• [Information shown]
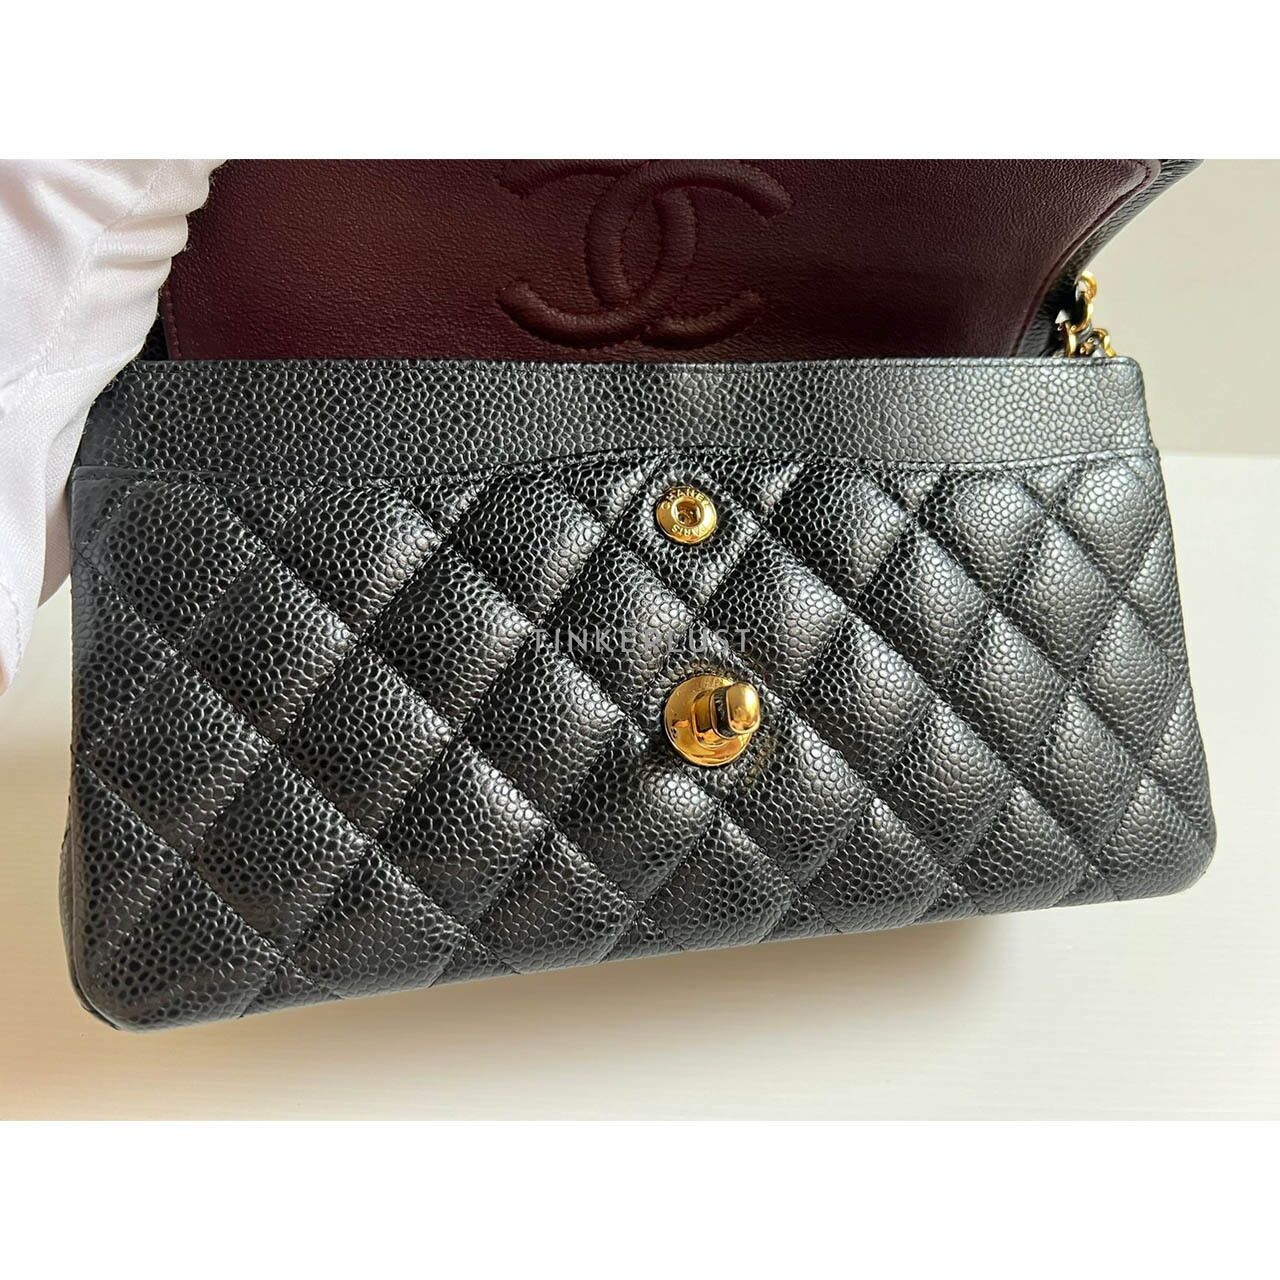 Chanel Classic Small Black Caviar GHW #28 Shoulder Bag
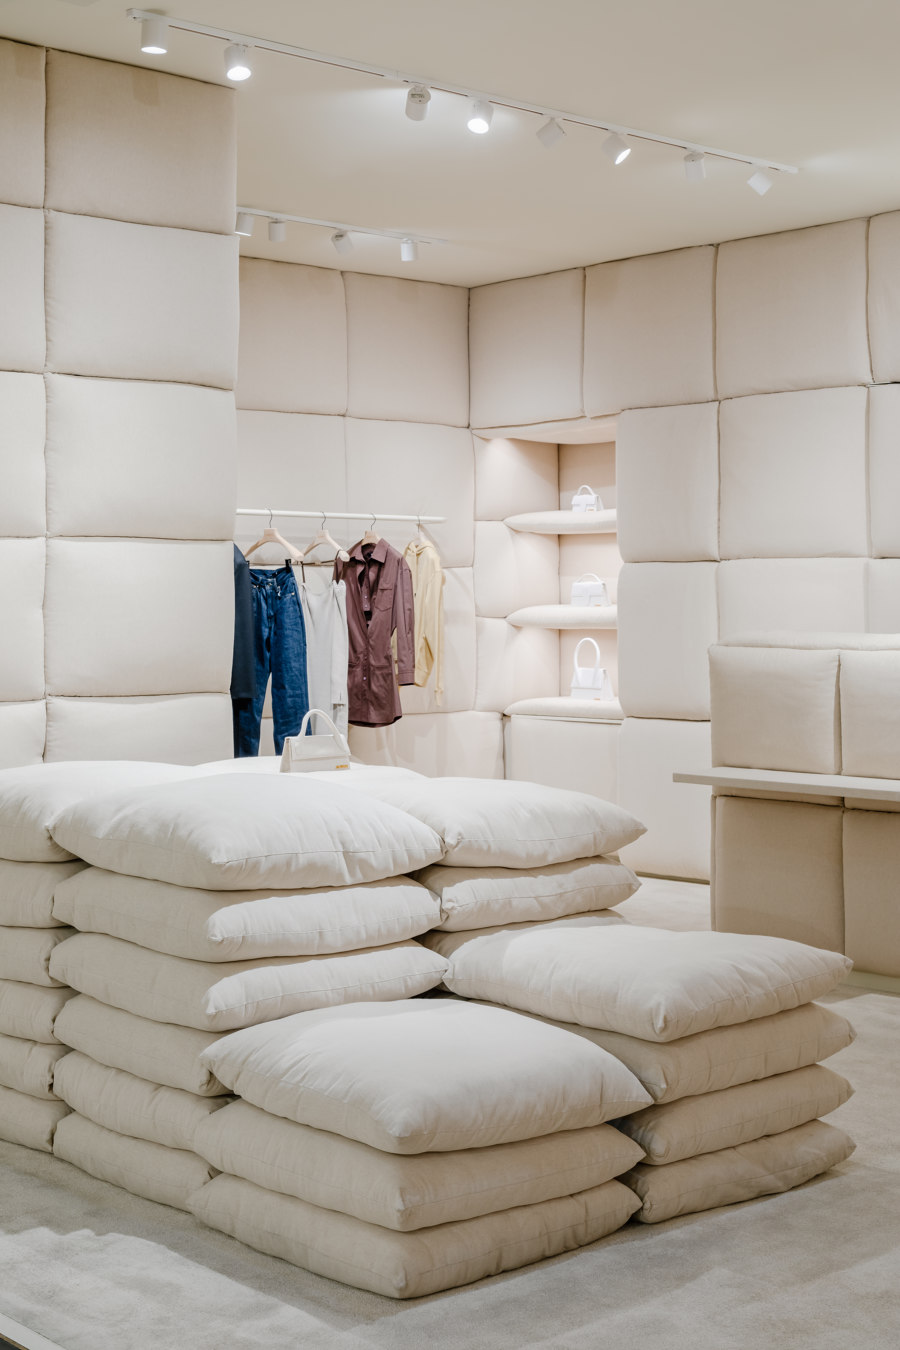 Jacquemus Store by AMO | Shop interiors
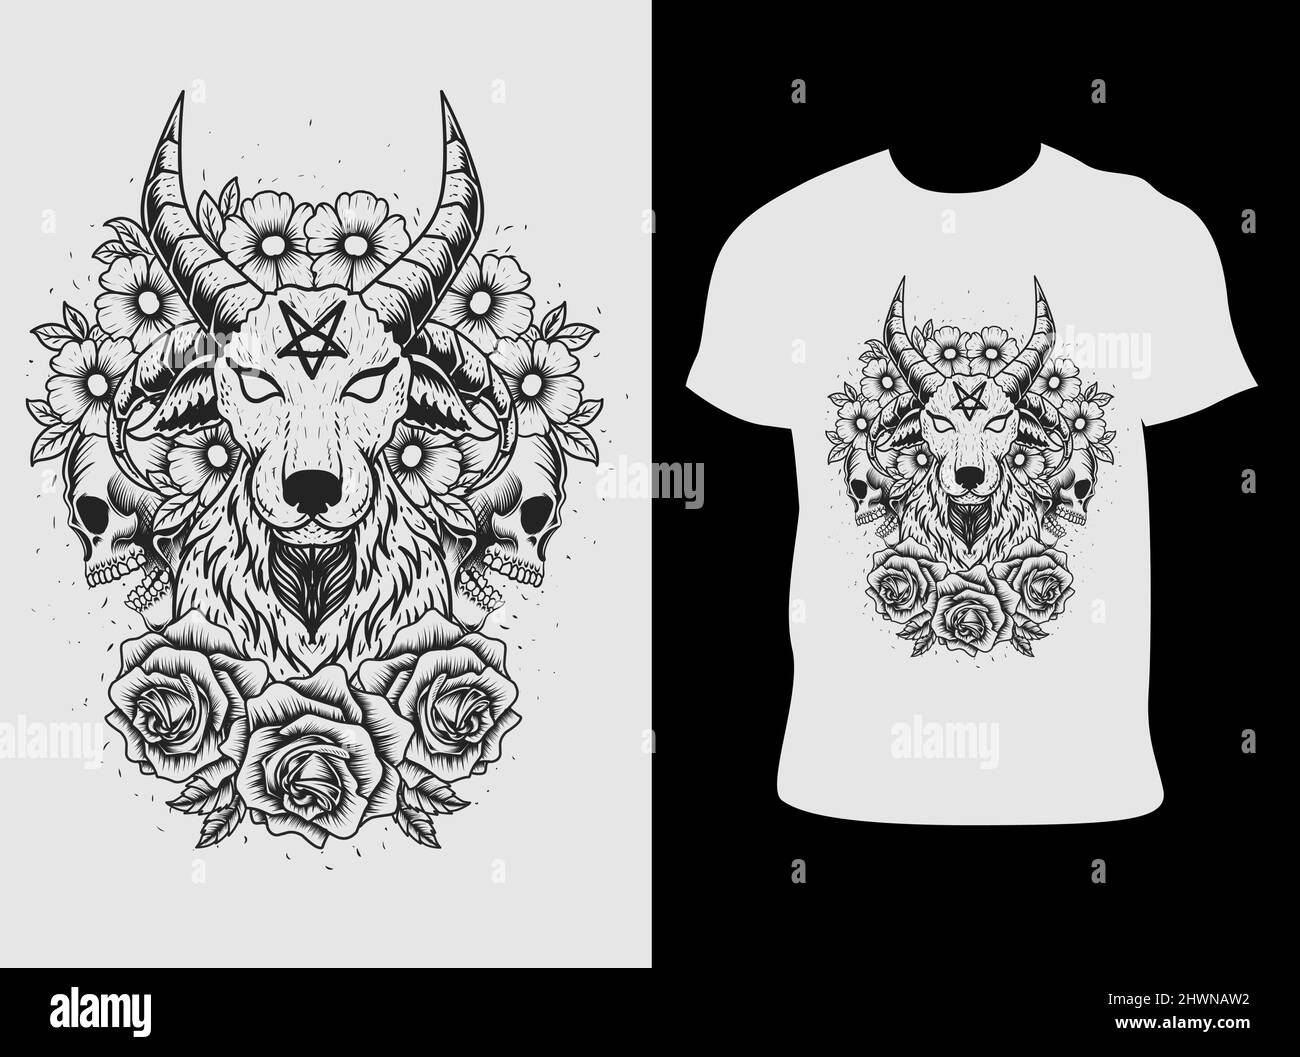 Ram Skull Tattoo Sketch T-shirt Printing Stock Vector (Royalty Free)  2173681219 | Shutterstock

• [Your goal] The data above, line by line: transcribe it exactly and drop the pictures.

• [Written answer]
 Chanel Classic Small Black Caviar GHW #28 Shoulder Bag
 Jacquemus Store by AMO | Shop interiors
 Ram Skull Tattoo Sketch T-shirt Printing Stock Vector (Royalty Free)  2173681219 | Shutterstock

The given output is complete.